К концу правления Франциска II Екатерине ловкой тактикой удалось добиться своей цели – сохранить независимость короны в условиях усилившейся распри между католиками и протестантами, сторонниками Гизов, с одной стороны, и «принцев крови» – с другой. Когда в 1560 году король Франциск II заболел лихорадкой, предсказания Нострадамуса были у всех на устах. 3 декабря 1560 года тосканский посол писал герцогу Козимо Медичи: «Здоровье короля находится в очень неопределенном состоянии. В своих предсказаниях на декабрь (очевидно в своих ежегодных альманахах) Нострадамус говорит, что королевский дом потеряет от болезней двух молодых членов». Действительно, 5 декабря умер Франциск II, а несколько дней спустя умер граф Рош сюр Жан, младший член младшей ветви королевской семьи.

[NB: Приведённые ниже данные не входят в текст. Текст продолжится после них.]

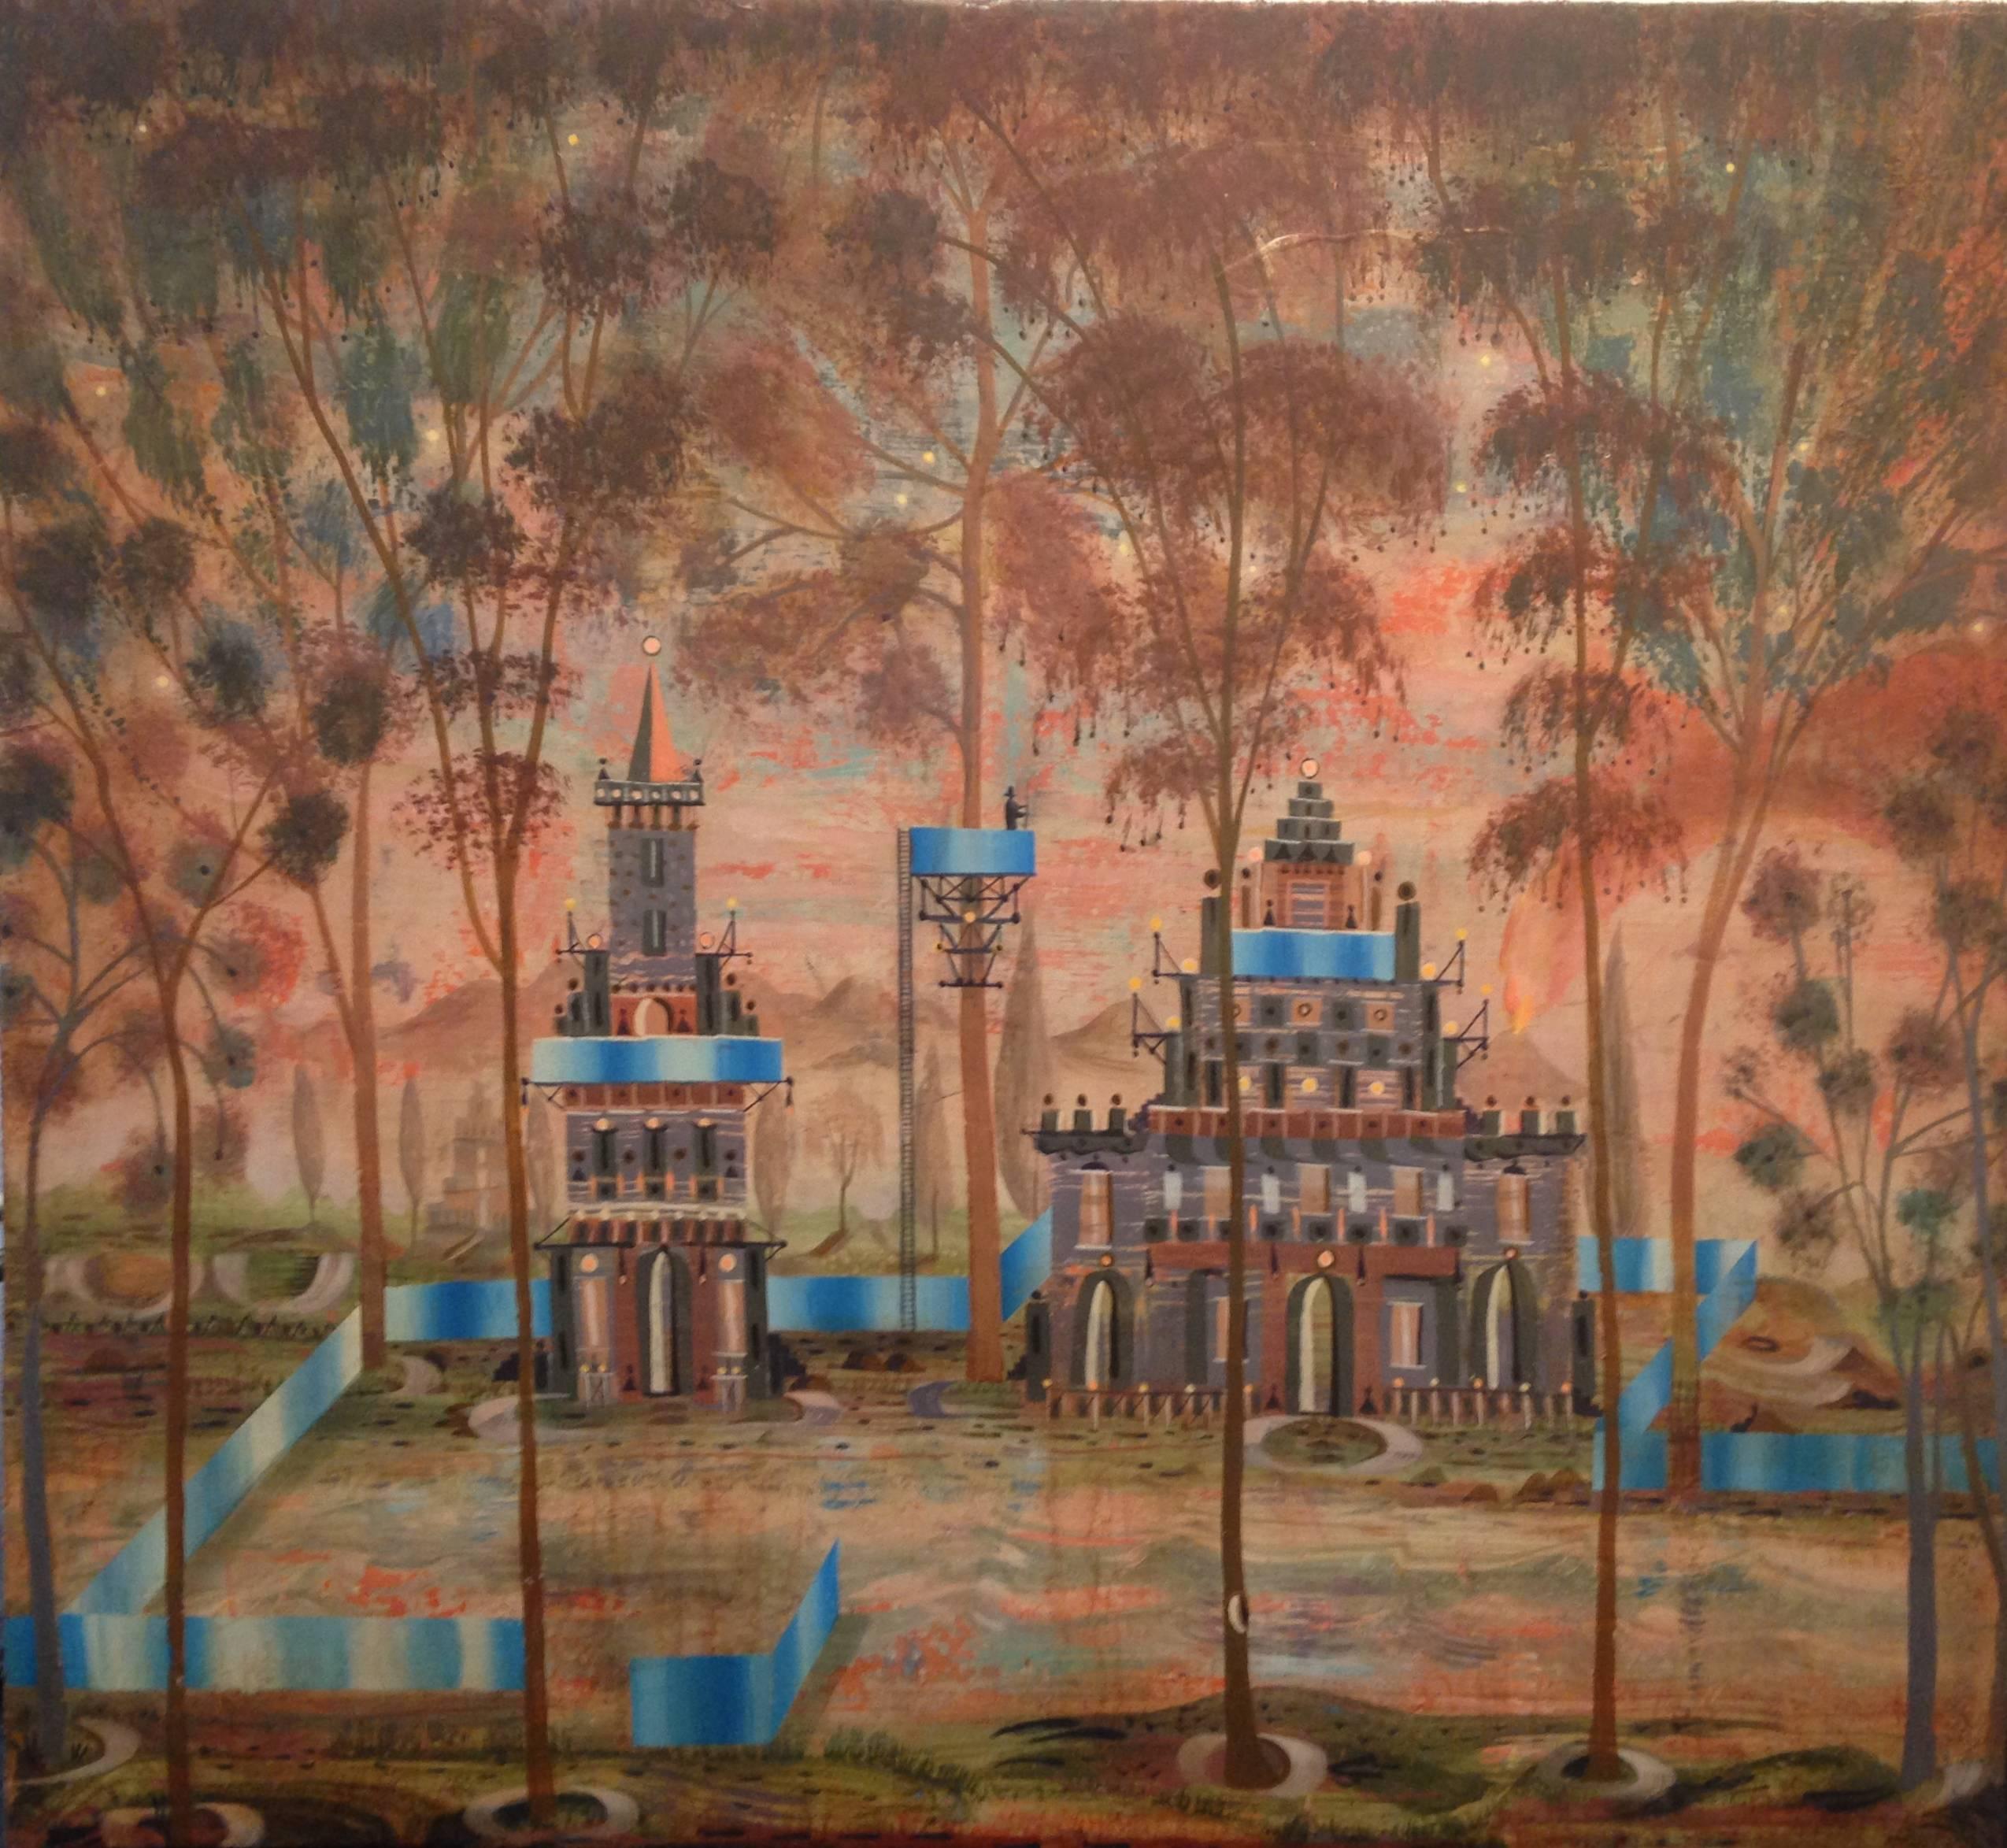 Kevin Paulsen Landscape Painting - Last Man Standing in the Last Bastion, Trees and City Landscape in Coral, Blue

Эти совпадения потрясли французский двор. Дальнейшие события истории тоже позволили интерпретировать катрен и считать его пророческим.
Франциск II умер совсем юным, оставив королеву Шотландскую бездетной. После возвращения Марии Стюарт на родину началась ее борьба с Елизаветой Тюдор за английскую корону. Отношения между Англией и Шотландией были напряженными, и фраза «два острова – в раздоре» казалась уместной.
Когда Франциску наследовал брат его, Карл IX, которому было всего 10 лет, управление страною перешло в руки Екатерины. Вскоре оказалось, что честолюбие Екатерины далеко не находилось в соответствии с ее талантами. Женщина без политических и нравственных правил, довольно индифферентная даже в религиозном отношении, она стремилась только к тому, чтобы господствовать над Францией, и ревниво оберегала свою власть. Вся государственная мудрость ее сводилась к заботам об уравновешивании сил различных политических партий, так чтобы ни одна из них не взяла верх и не стала опасною для нее самой. Интрига была главною пружиною политики Екатерины. Её звали «чёрной королевой» из-за траура, который она не снимала в течение всей своей жизни. Лицемерная, холодная, бессердечная, она не стеснялась в выборе средств для достижения своей цели. Ее не могло остановить даже преступление, если при помощи его она рассчитывала избавиться от какого-нибудь опасного для себя врага. Недаром называла она сочинение Макиавелли «Государь» своей библией. Повсюду были у нее шпионы. Она зорко следила за всеми выдающимися лицами и перехватывала частную корреспонденцию. Во внешней политике Екатерина держалась тех же начал, что и во внутренней: смотря по обстоятельствам, она готова была сближаться то с католическими, то с протестантскими державами и избегала войны. Отсутствие твердых принципов и постоянные интриги привели ее, наконец, к злодеяниям Варфоломеевской ночи.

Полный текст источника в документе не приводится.